**Try it**. Would you return, word for word, the lines of the data below from the line with "Honor of Kings apk installing" through the line with "EDSA Cubao, Quezon", and no others?

Segment Start: Extracted records

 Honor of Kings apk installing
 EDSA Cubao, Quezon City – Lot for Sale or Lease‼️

Segment End: Extracted records
Segment Start: Extracted records

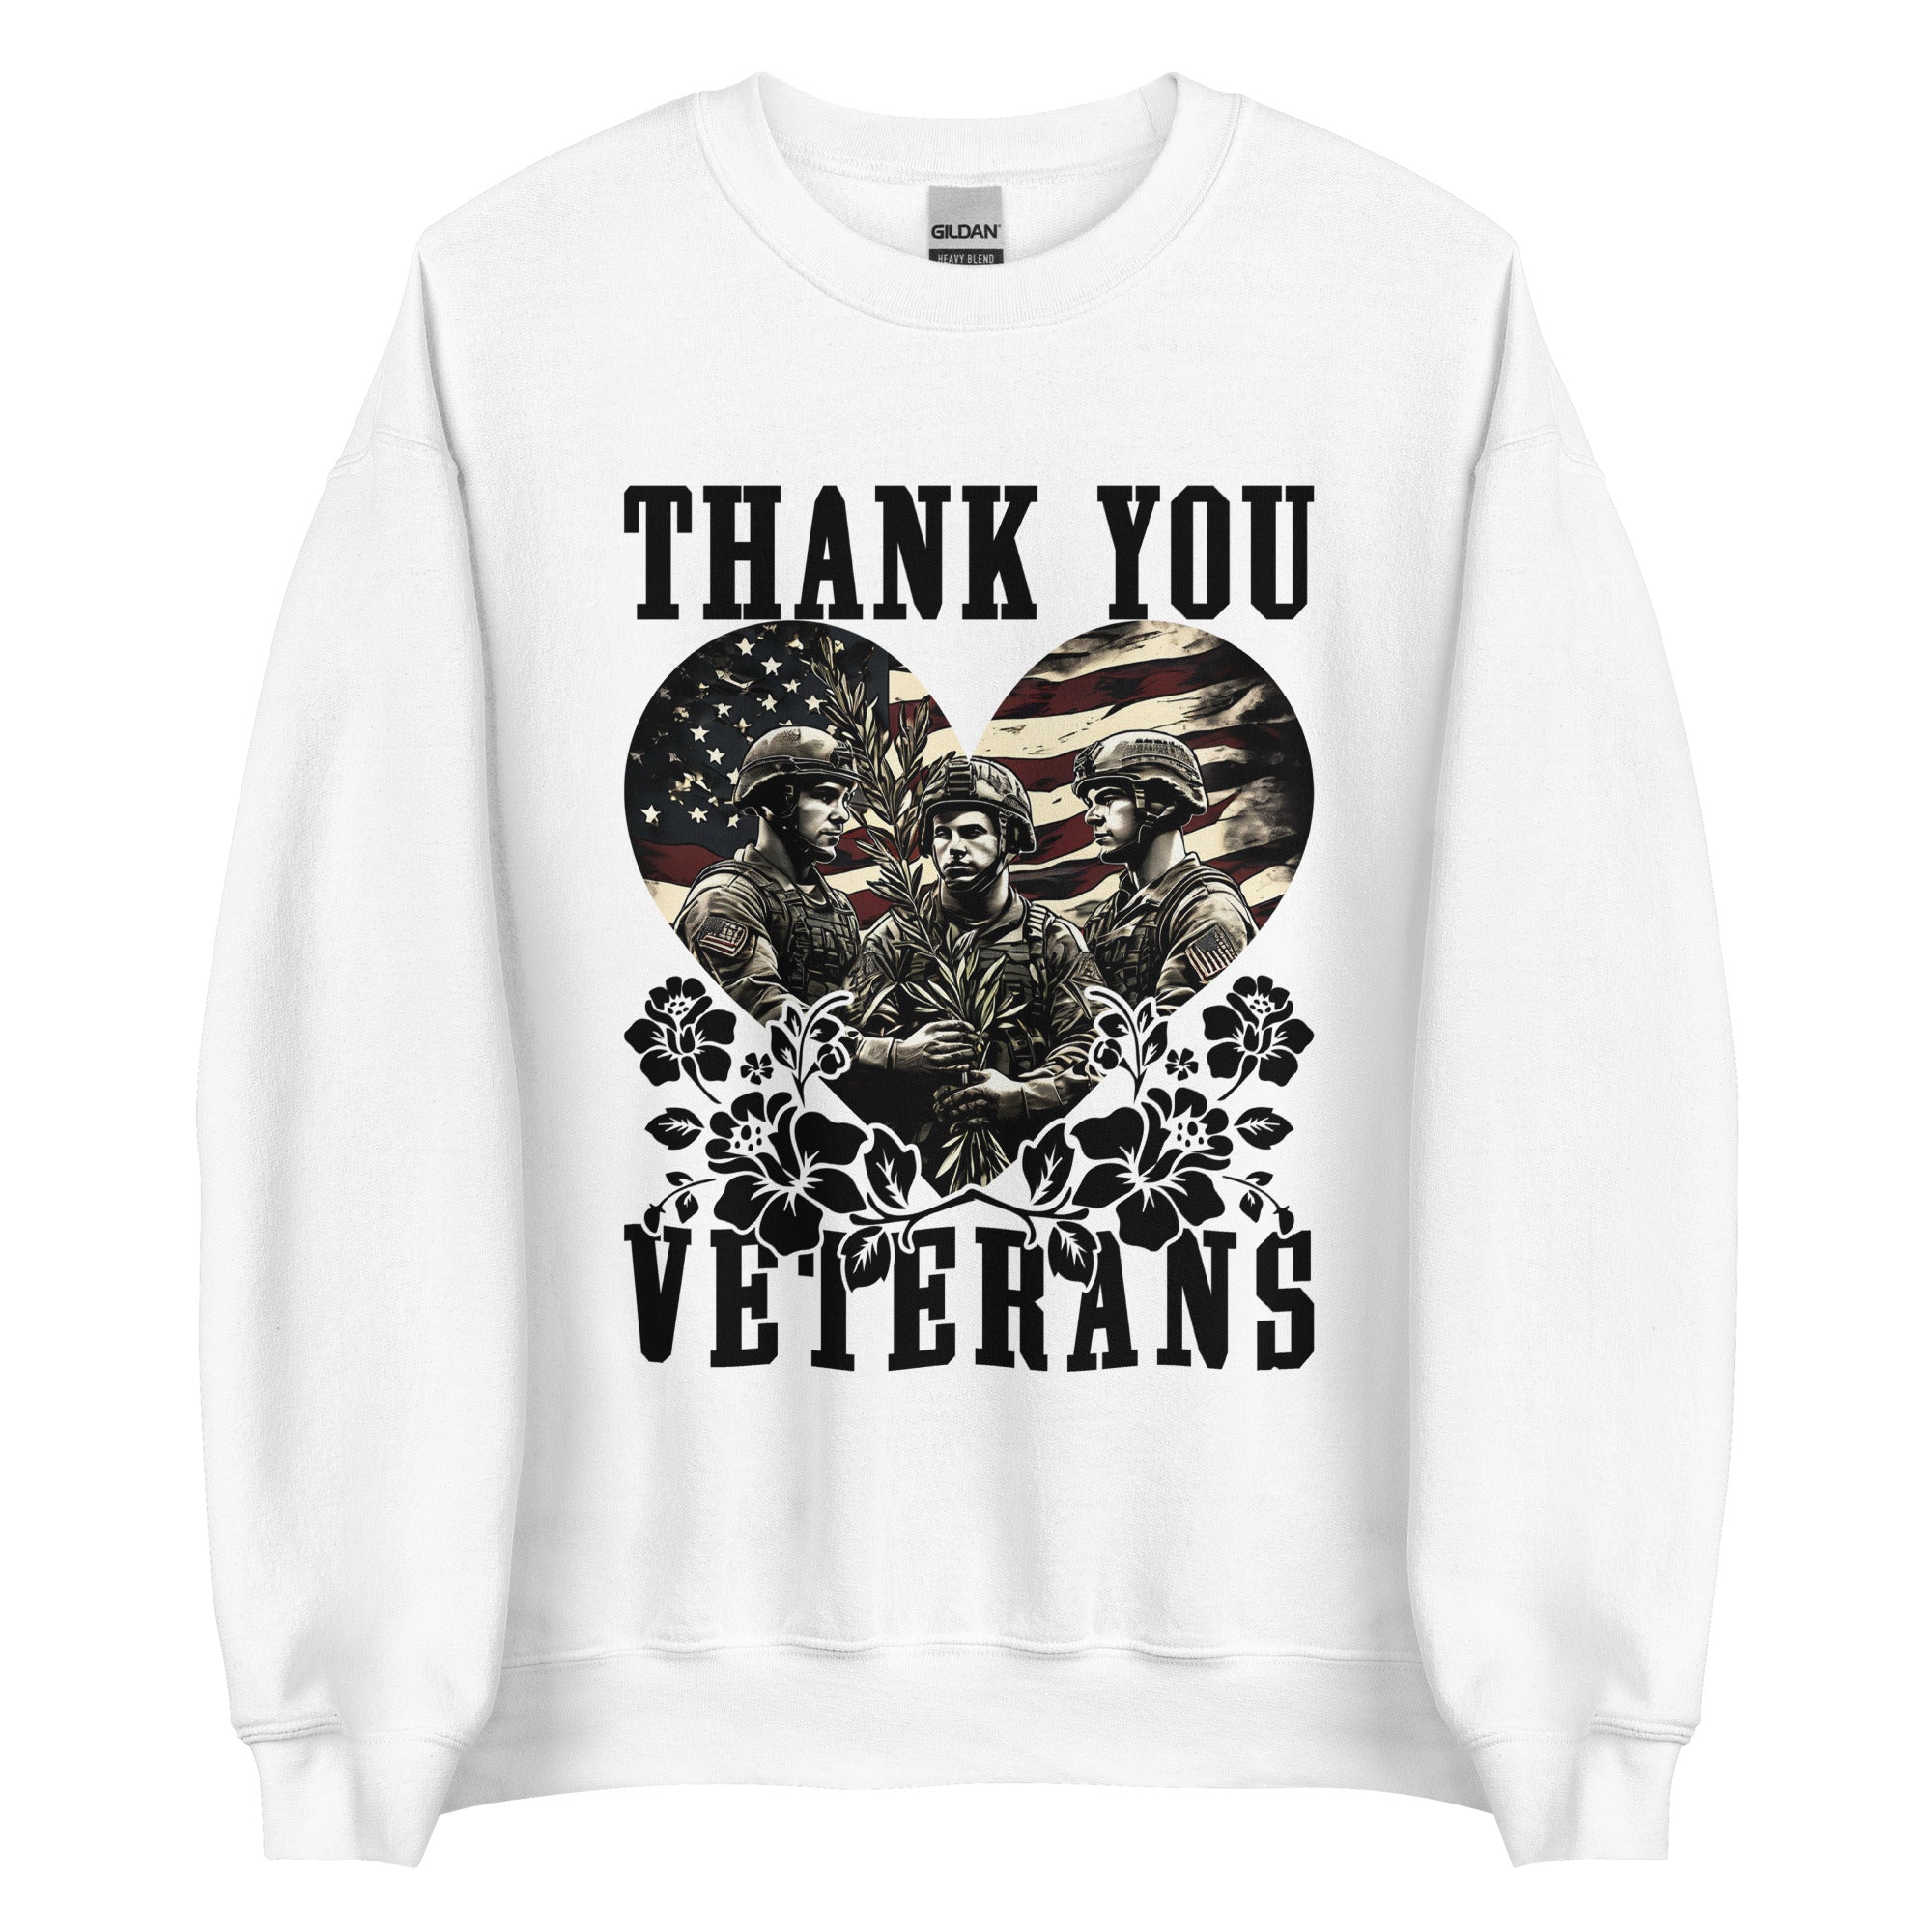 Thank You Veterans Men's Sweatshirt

Segment End: Extracted records
Segment Start: Extracted records

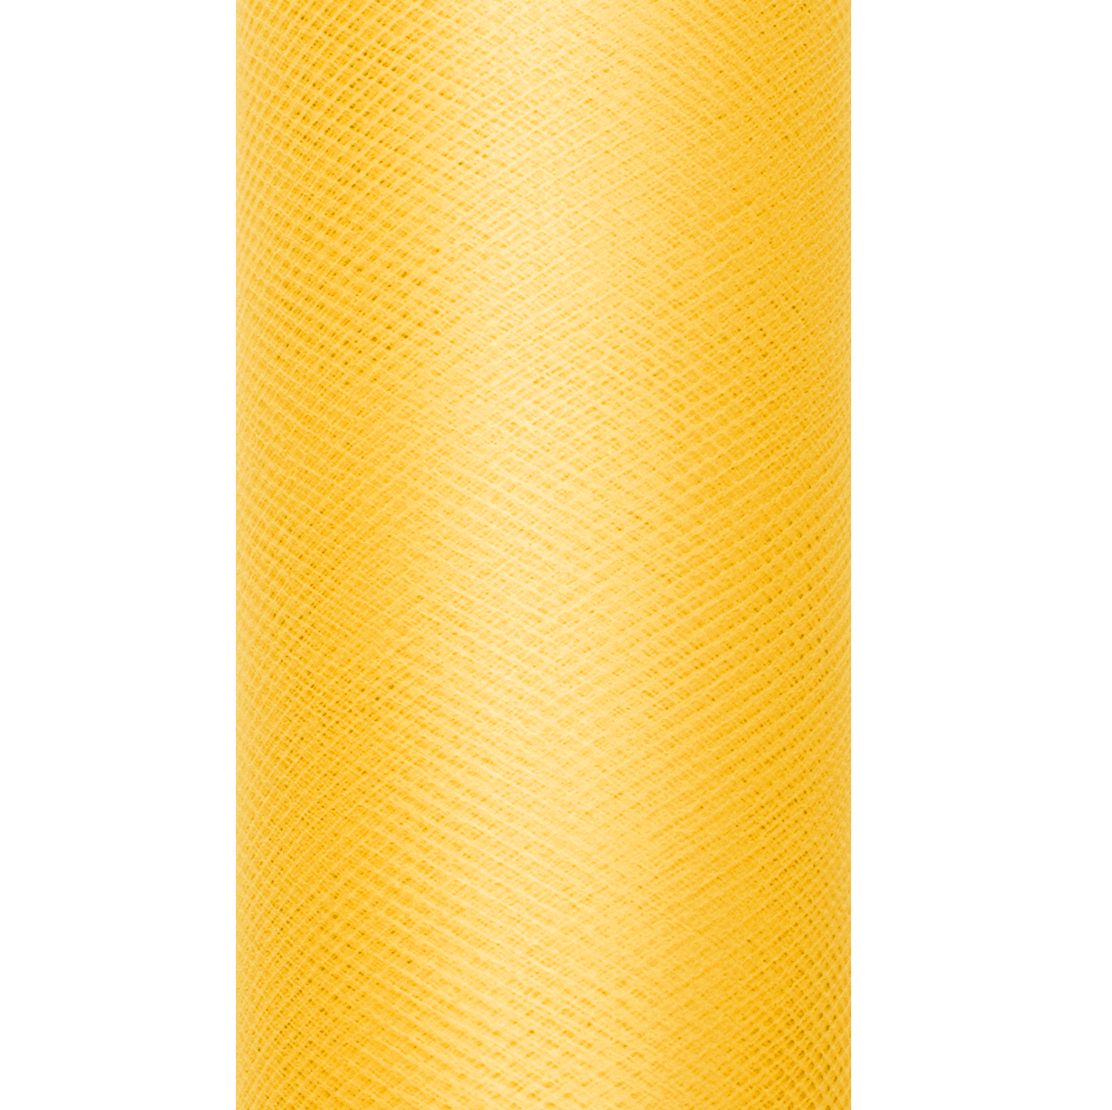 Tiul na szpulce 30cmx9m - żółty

Segment End: Extracted records

**Written solution**.
 Honor of Kings apk installing
 EDSA Cubao, Quezon City – Lot for Sale or Lease‼️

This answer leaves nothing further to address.